I believe that many in this forum have the imagination, methodology, discipline to build on an idea, and we see plenty of "Show HN" to prove this right.

If the invention of toilet paper has an equally exciting story.. (I read about it a few days ago)(not exciting imho)(great thing for humanity though!)


I wouldn't call twitter nor toilet paper trivial. Speaking of toilet paper: https://www.etsy.com/no-en/listing/267715178/toilet-paper-pa...


Because it’s inspiring. A lot of our ideas look as simple as that, and it’s good from time to time to remember that it can be done.


I see what you are saying. But to me it's uninspiring. It cannot be replicated. It's a simple tool that's overblown. There isn't a technology behind it. I just saw a piece of news saying it took their engineering and design team many months if not a year to rollout a simple design change. That's not inspiring at all. If anything this would be something I would strive hard to avoid.

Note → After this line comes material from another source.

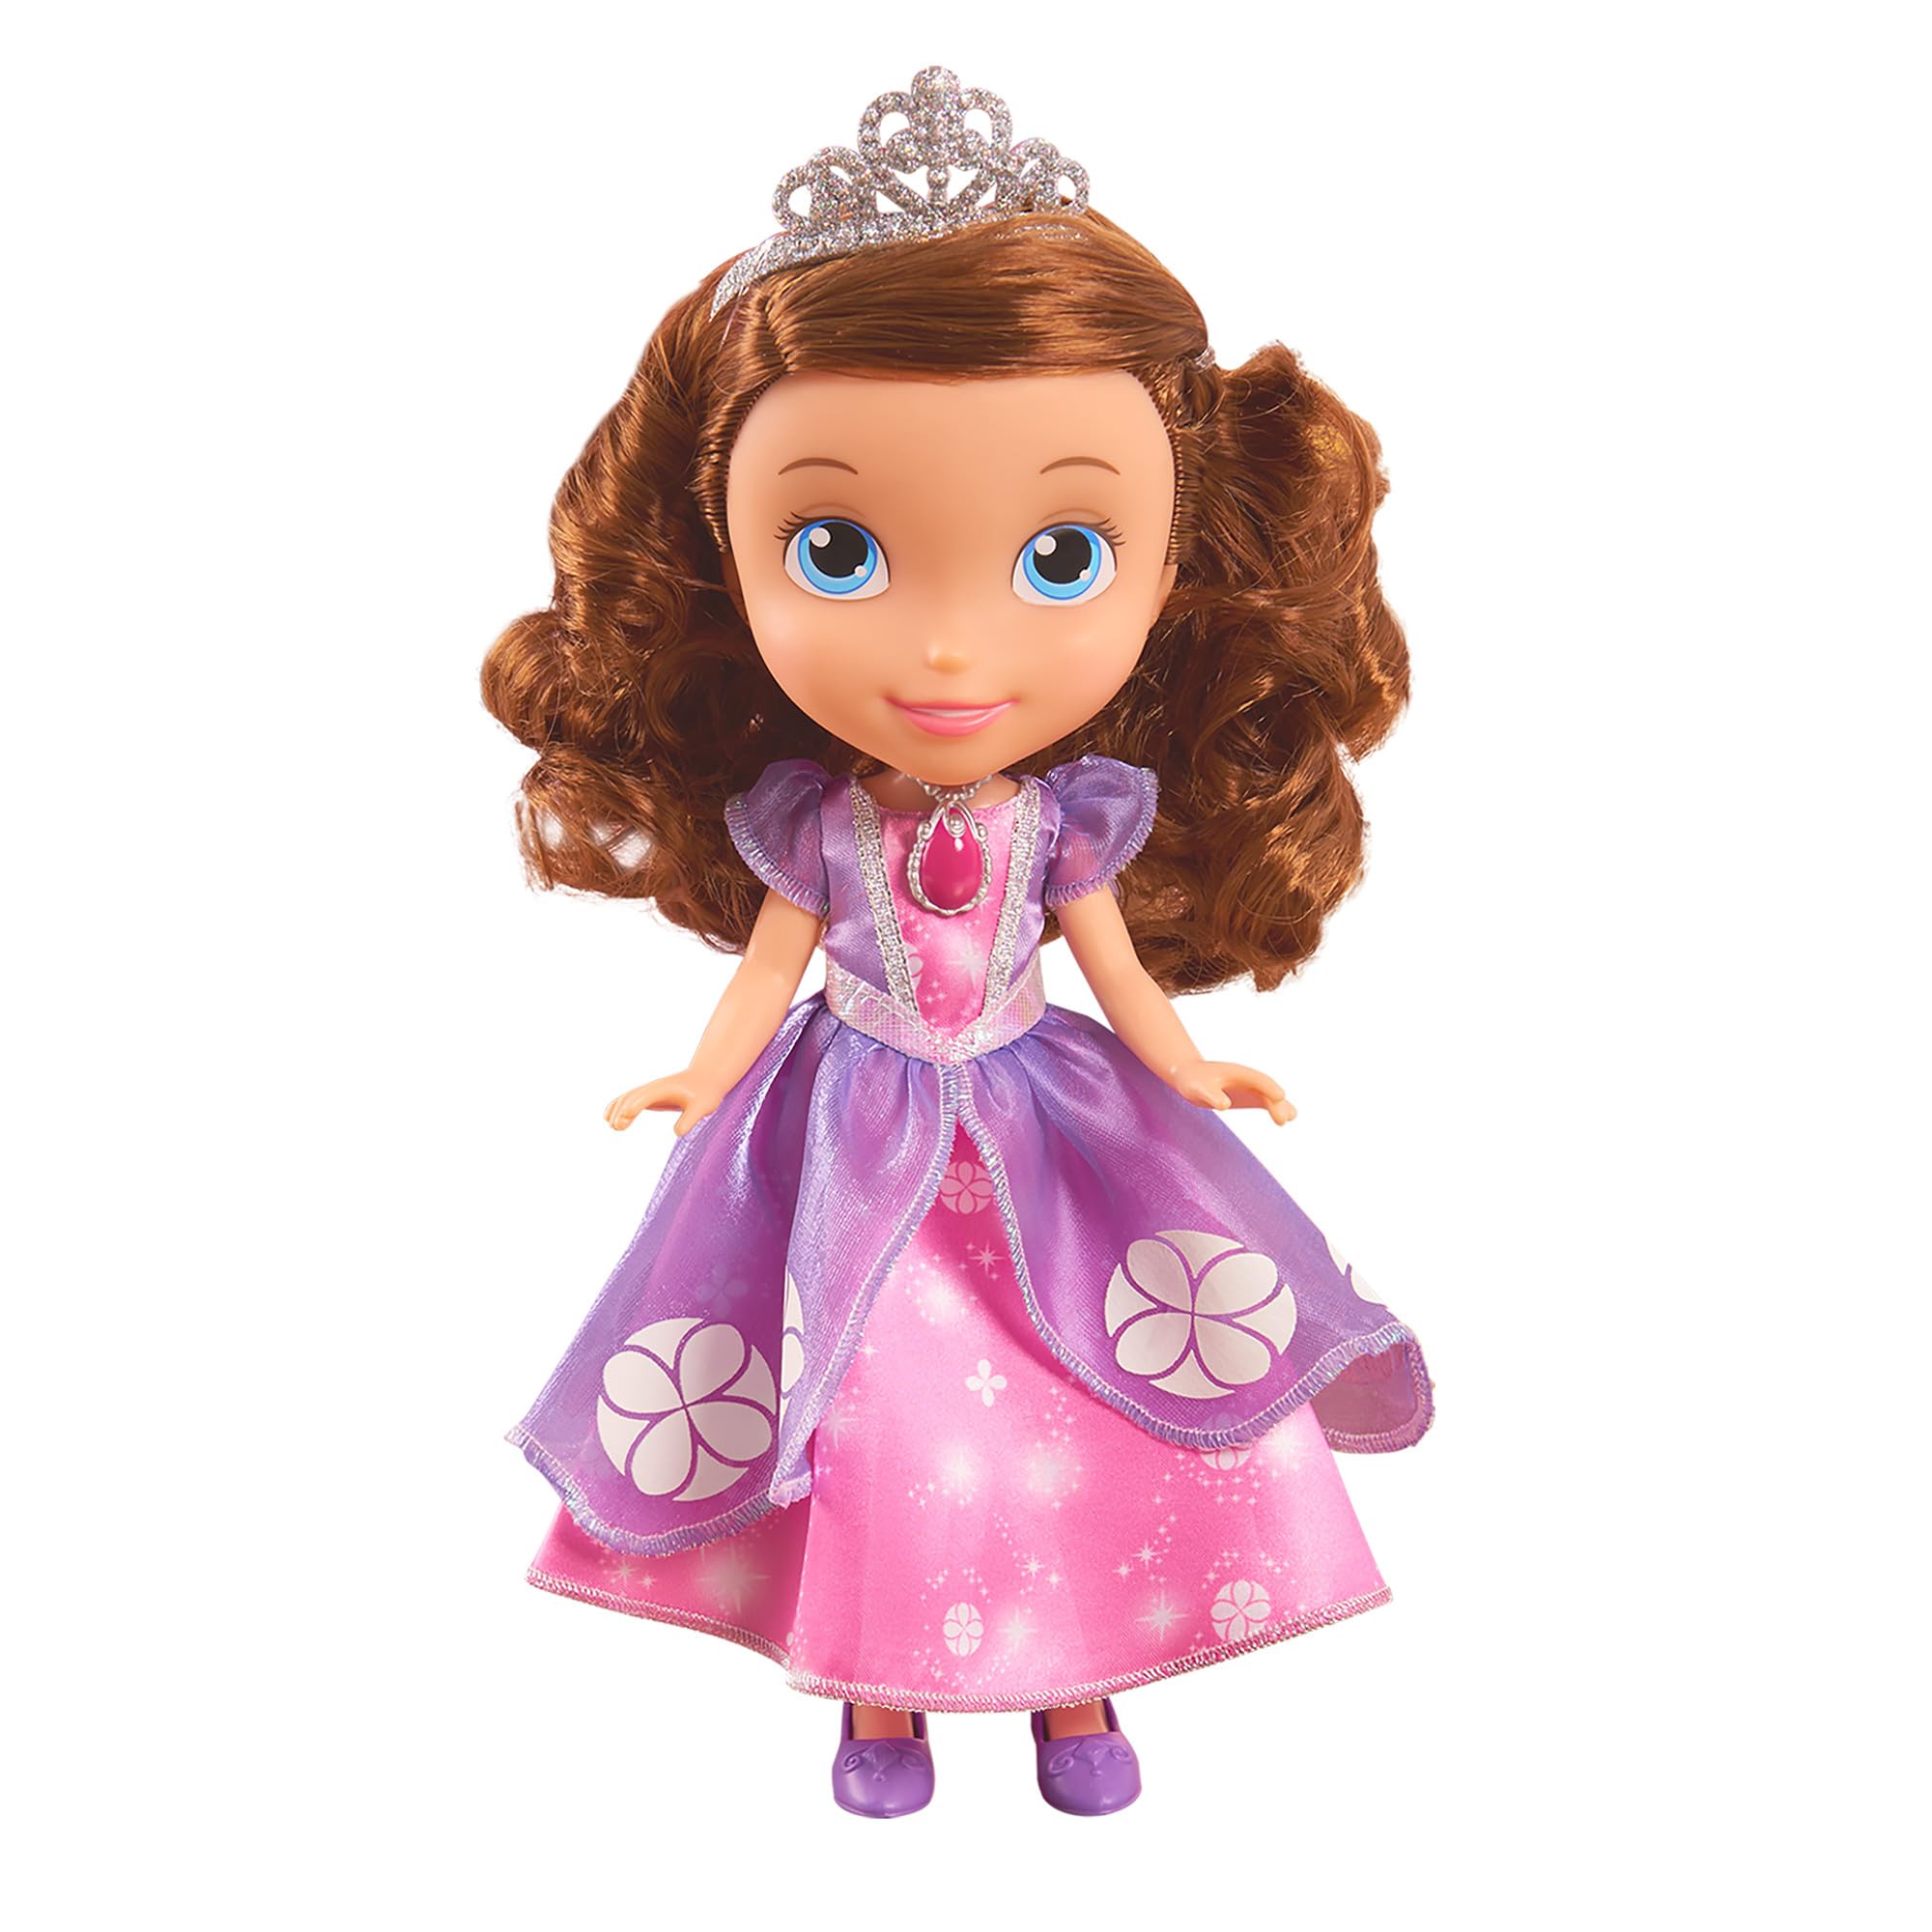 Sofia the First Royal Dolls - Sofia, Kids Toys for Ages 3 Up, Gifts and Presents by Just Play

Neither the technology nor the product seem to jump out of the paper... Just like toilet paper. Which is not bad but doesn't require more attention.

The other problem is around this set of ideas that grab users attention for quick bites that are essentially empty calories. I feel that these are gamified, product hacked versions that are hard to replicate but ultimately not inspiring.


I find it infuriating. It drives home how insurmountable someone else’s first mover advantage and subsequent network effects can be. I say this as someone who had great success in my niche, I’m often angry about my own success and sympathize with my competitors who failed to catch up for no reason other than that they weren’t the first to do what I did.

Today no one can turn their own micropublishing idea into a Twitter competitor, because by the time it achieves even 0.1% of Twitter’s success, Twitter will just clone its features to kill its momentum.


That’s life though. This is one of the first ‘it’s a you’ problem everyone has to get over sooner or later. Sorry, it’s sounds dismissive, but there’s really no other answer to this.


> Twitter will just clone its features

Facebook clones features or as a company has various spin offs. I thought twitter stayed pretty true to form?

Although your point stands. If you are using a cool feature to differentiate and that feature is cloneable, there is risk that one of the large players will implement it.